---- Exercise data

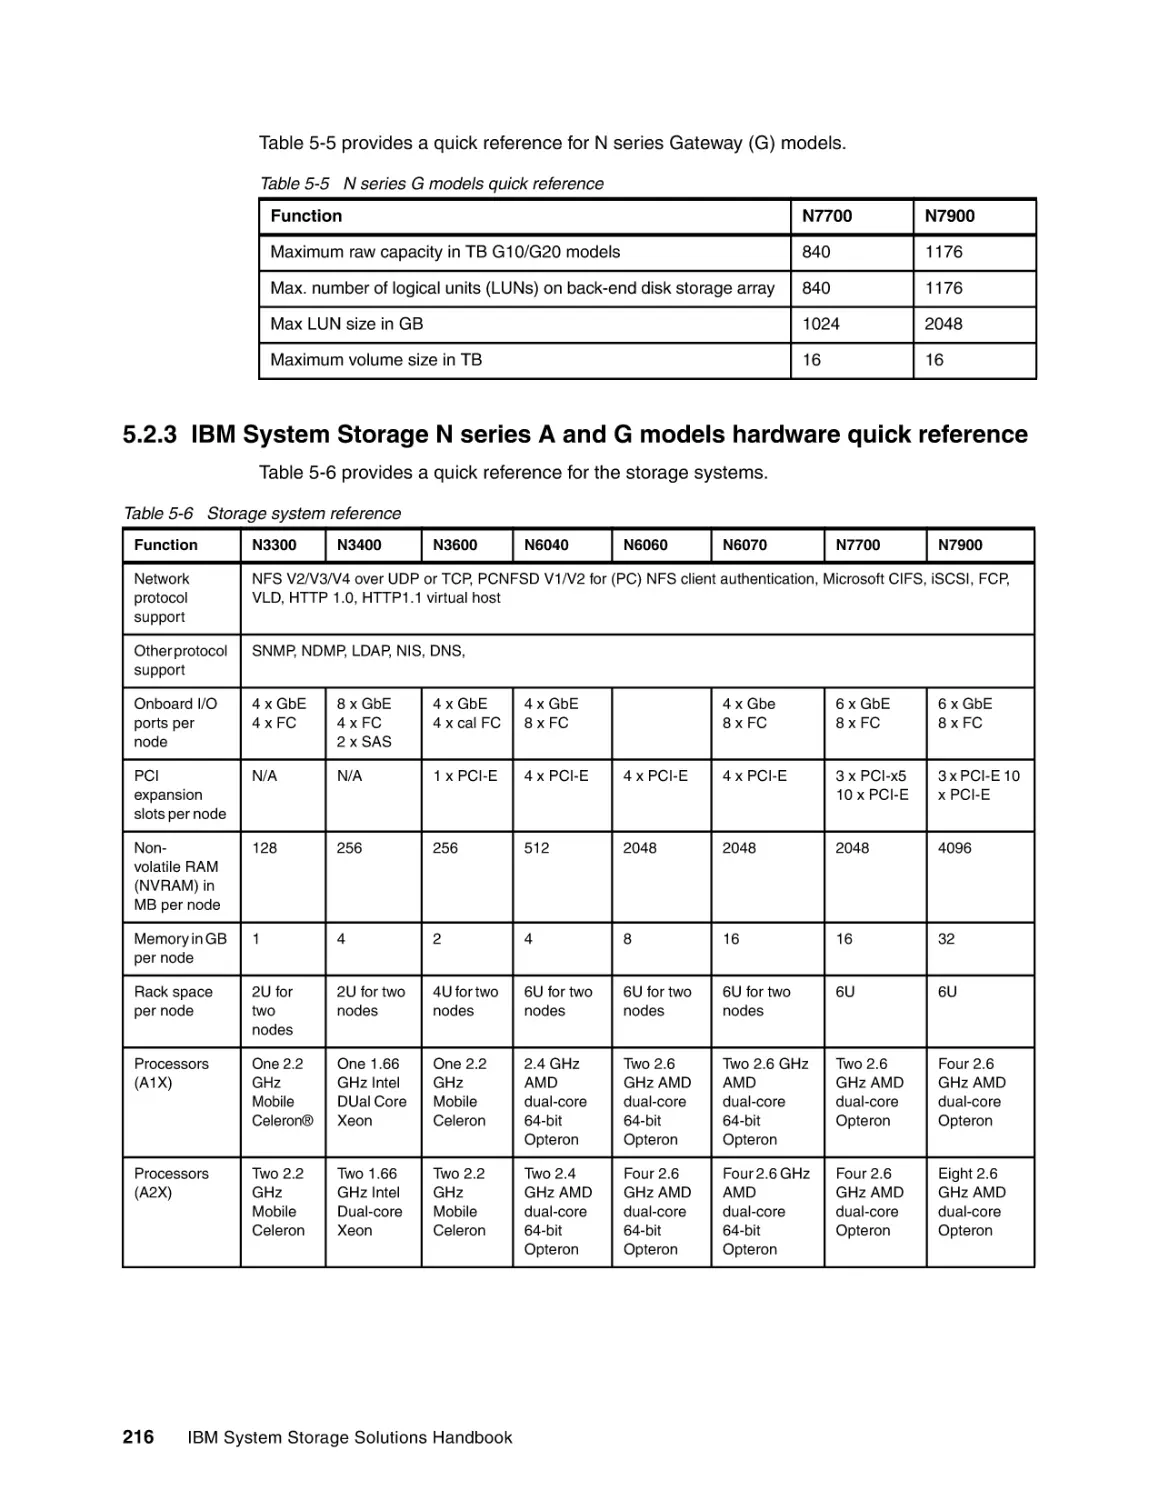 5.2.3 IBM System Storage N series A and G models hardware quick reference
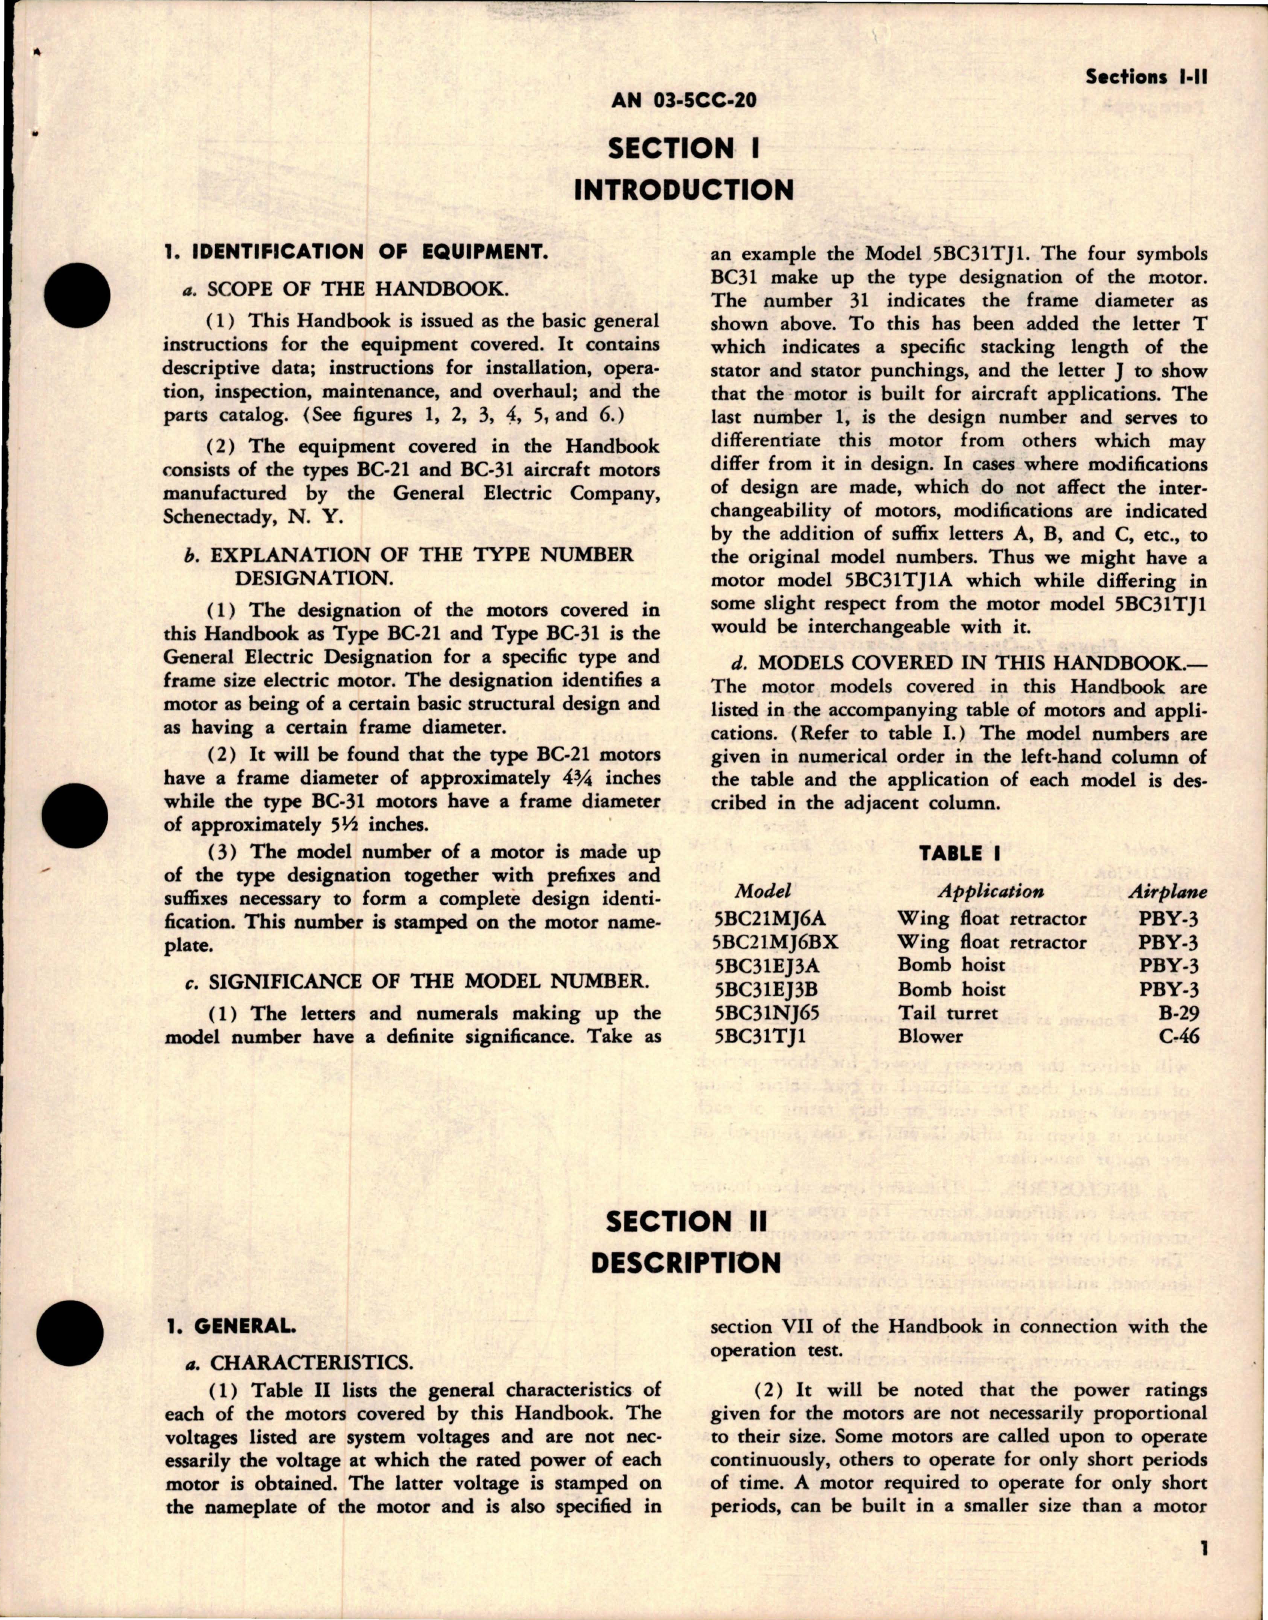 Sample page 5 from AirCorps Library document: Parts Catalog for Aircraft Motors - Models 5BC21 and 5BC31 Series
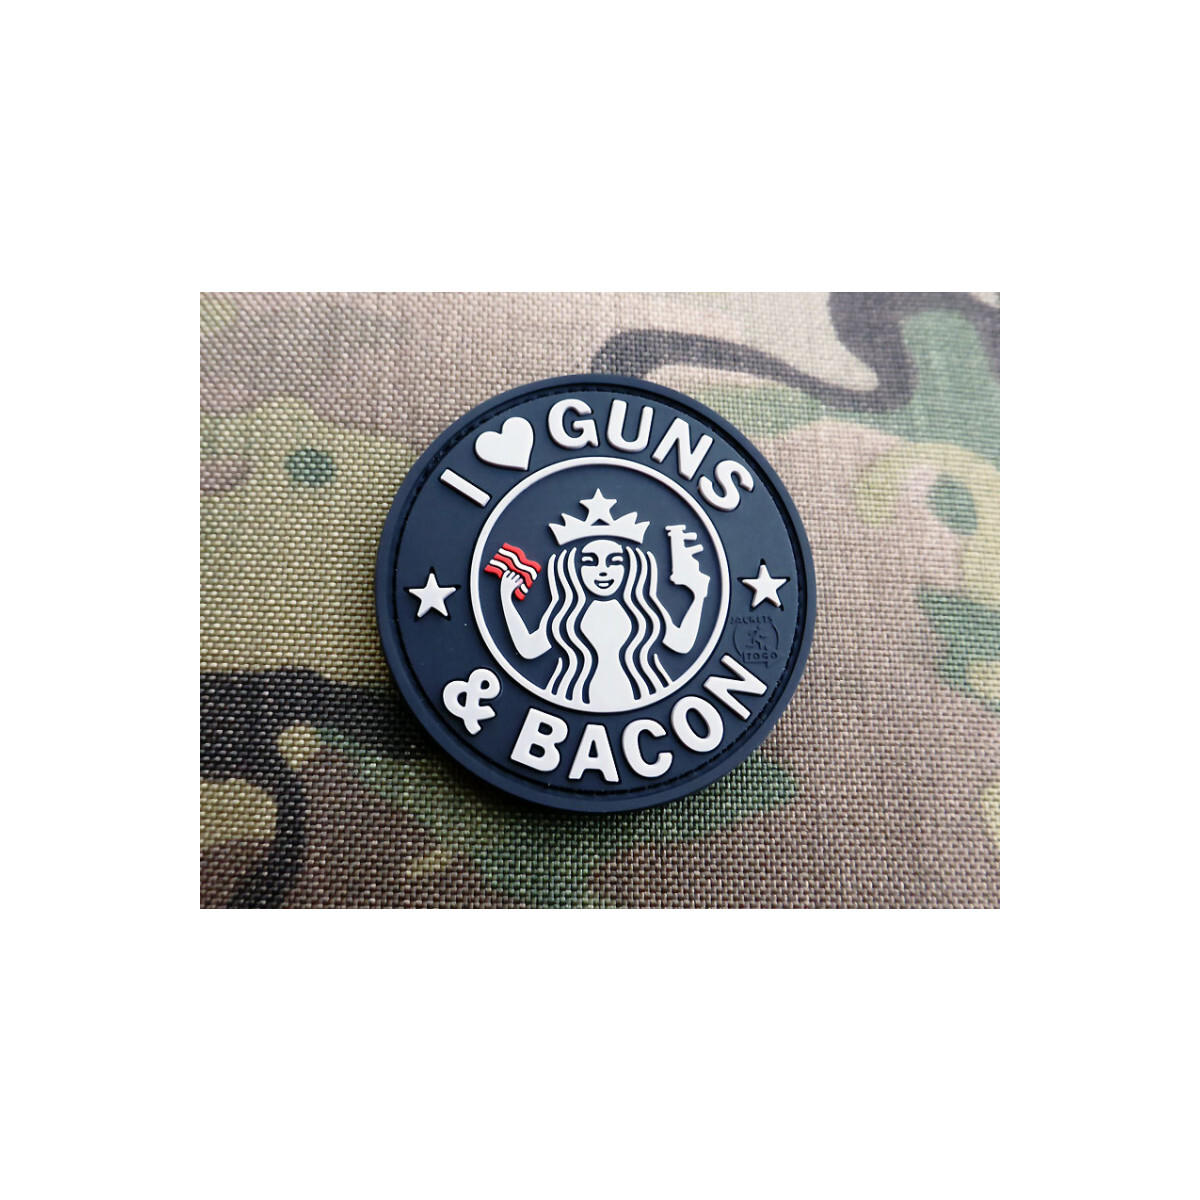 Guns and Bacon Rubber Patch SWAT
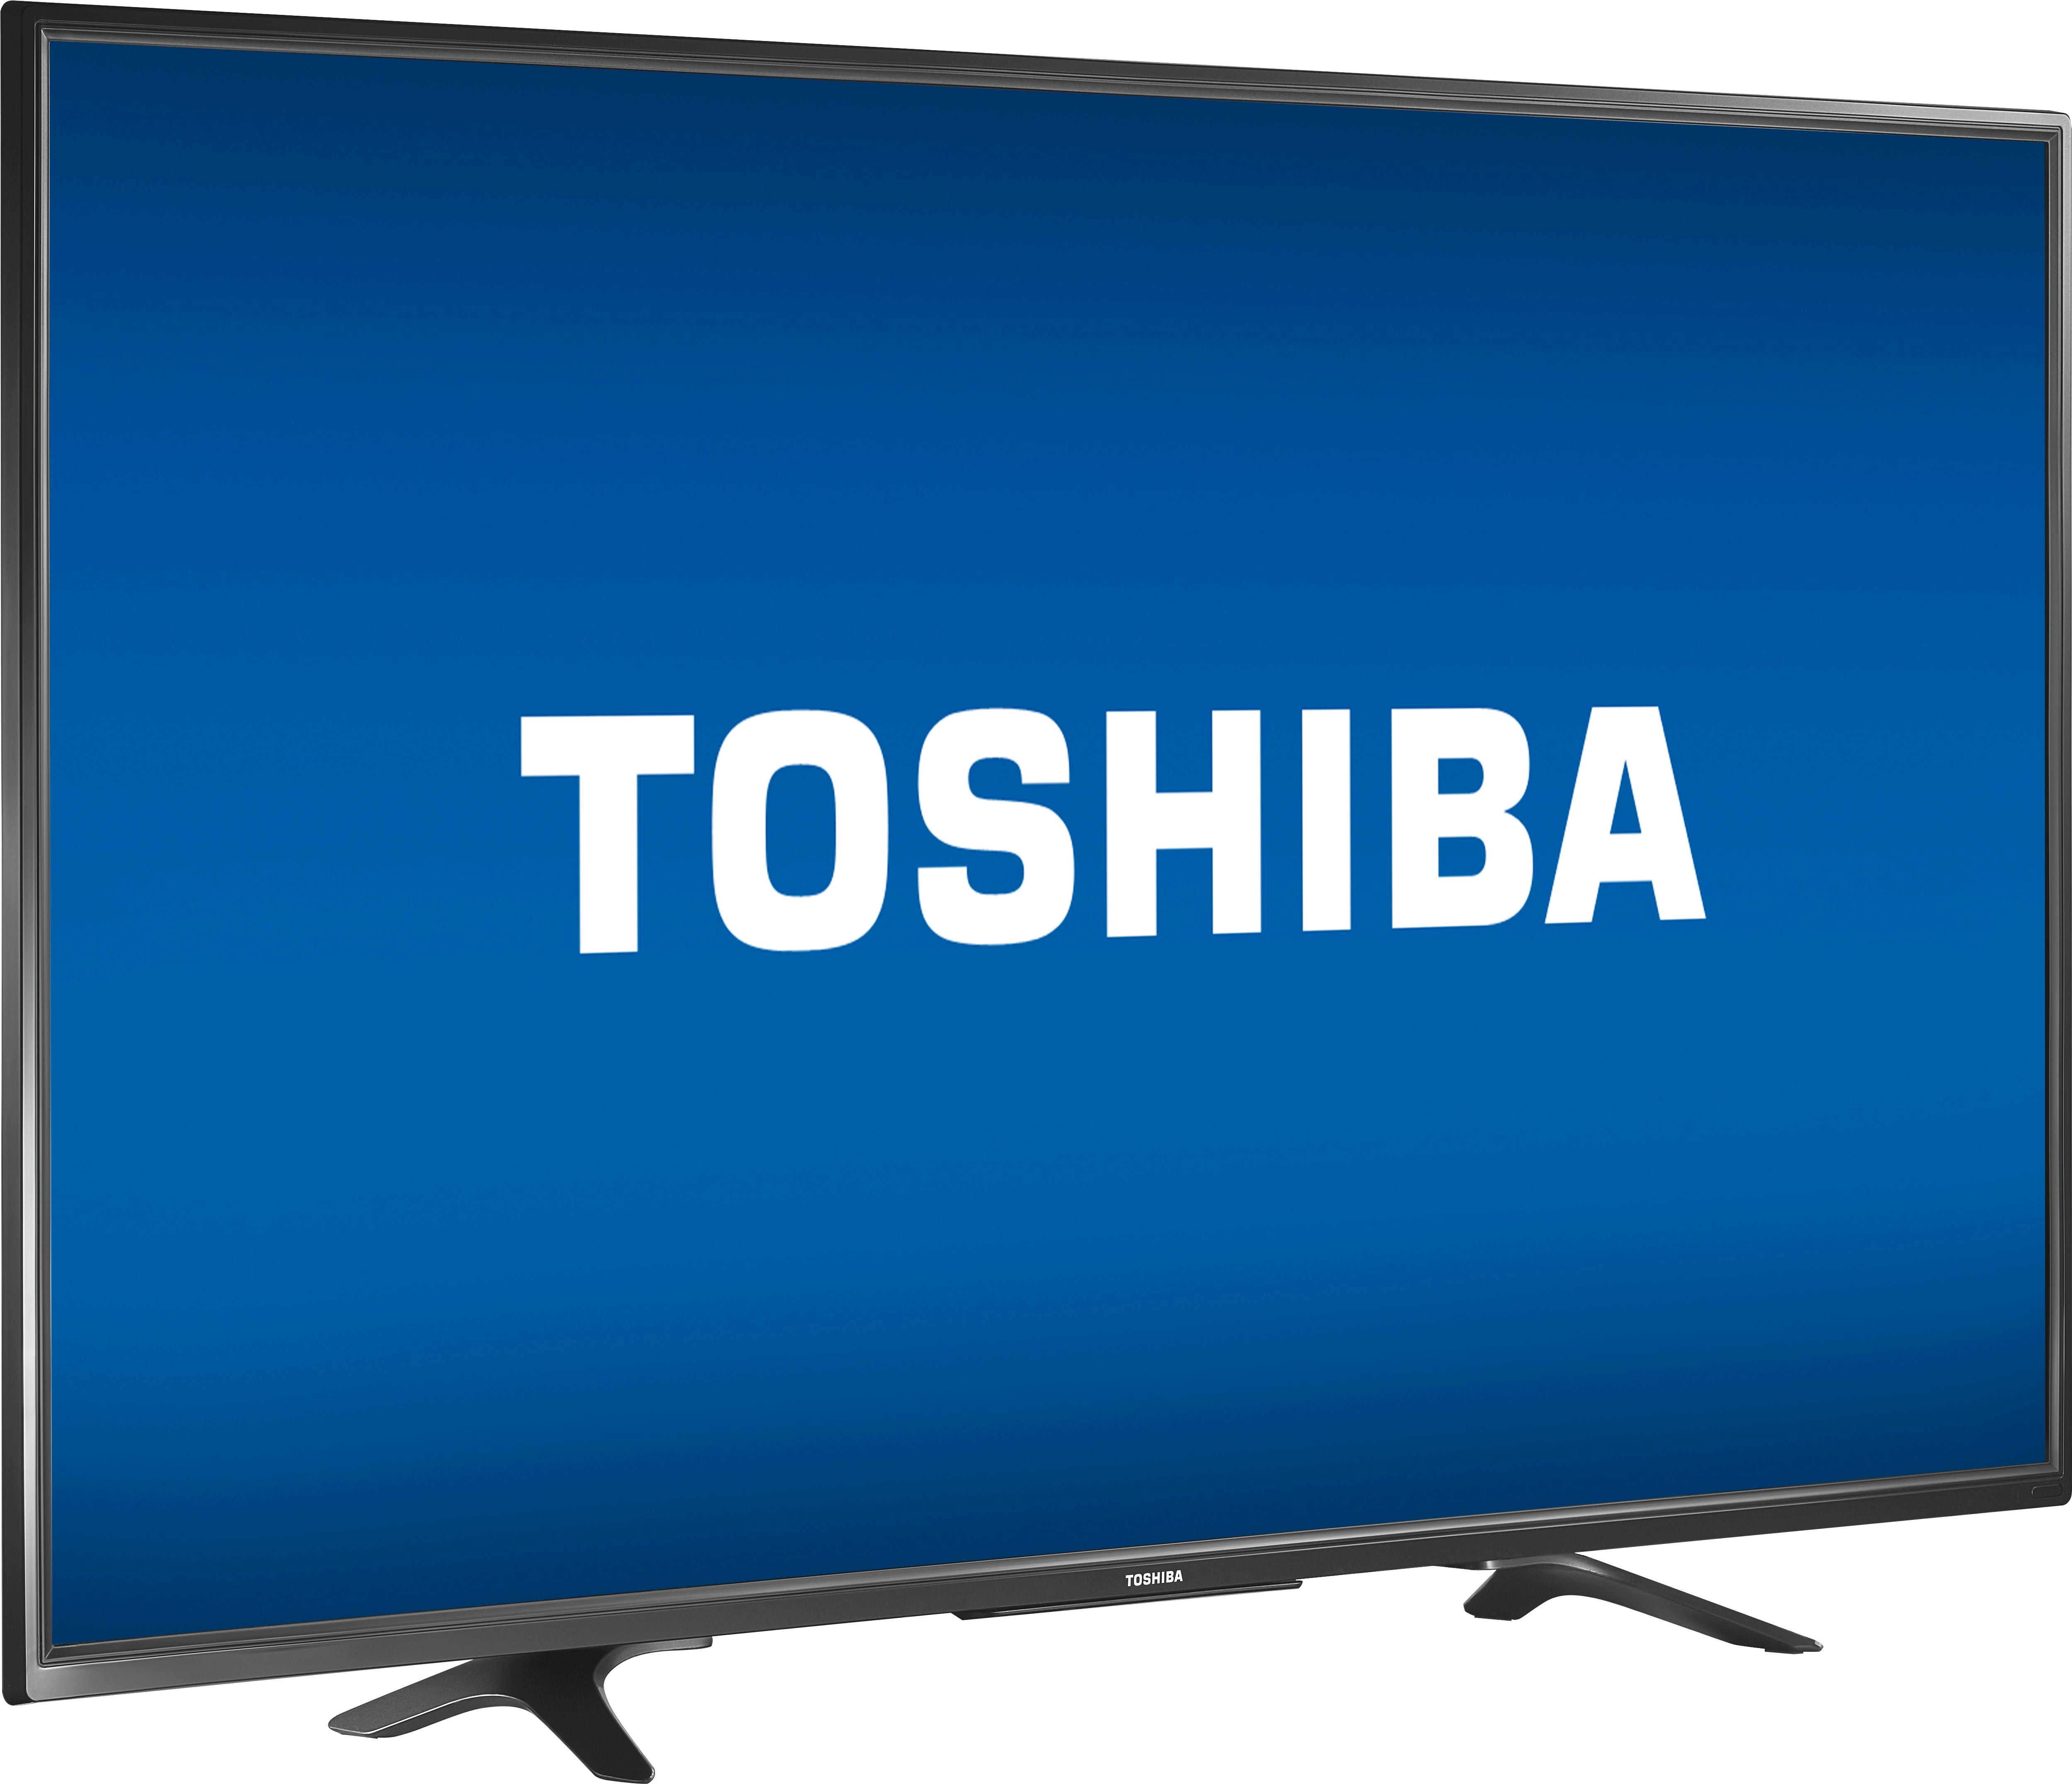 Buy: Toshiba Class 2160p with Chromecast Built-in 4K UHD TV with HDR 55L711U18

--------

● **Exercise instructions**
Before copying the material, set its pictures aside; then transcribe it word for word.

● **Completed task**
 5.2.3 IBM System Storage N series A and G models hardware quick reference
 Sample page 5 from AirCorps Library document: Parts Catalog for Aircraft Motors - Models 5BC21 and 5BC31 Series
 Guns and Bacon Rubber Patch SWAT
 Buy: Toshiba Class 2160p with Chromecast Built-in 4K UHD TV with HDR 55L711U18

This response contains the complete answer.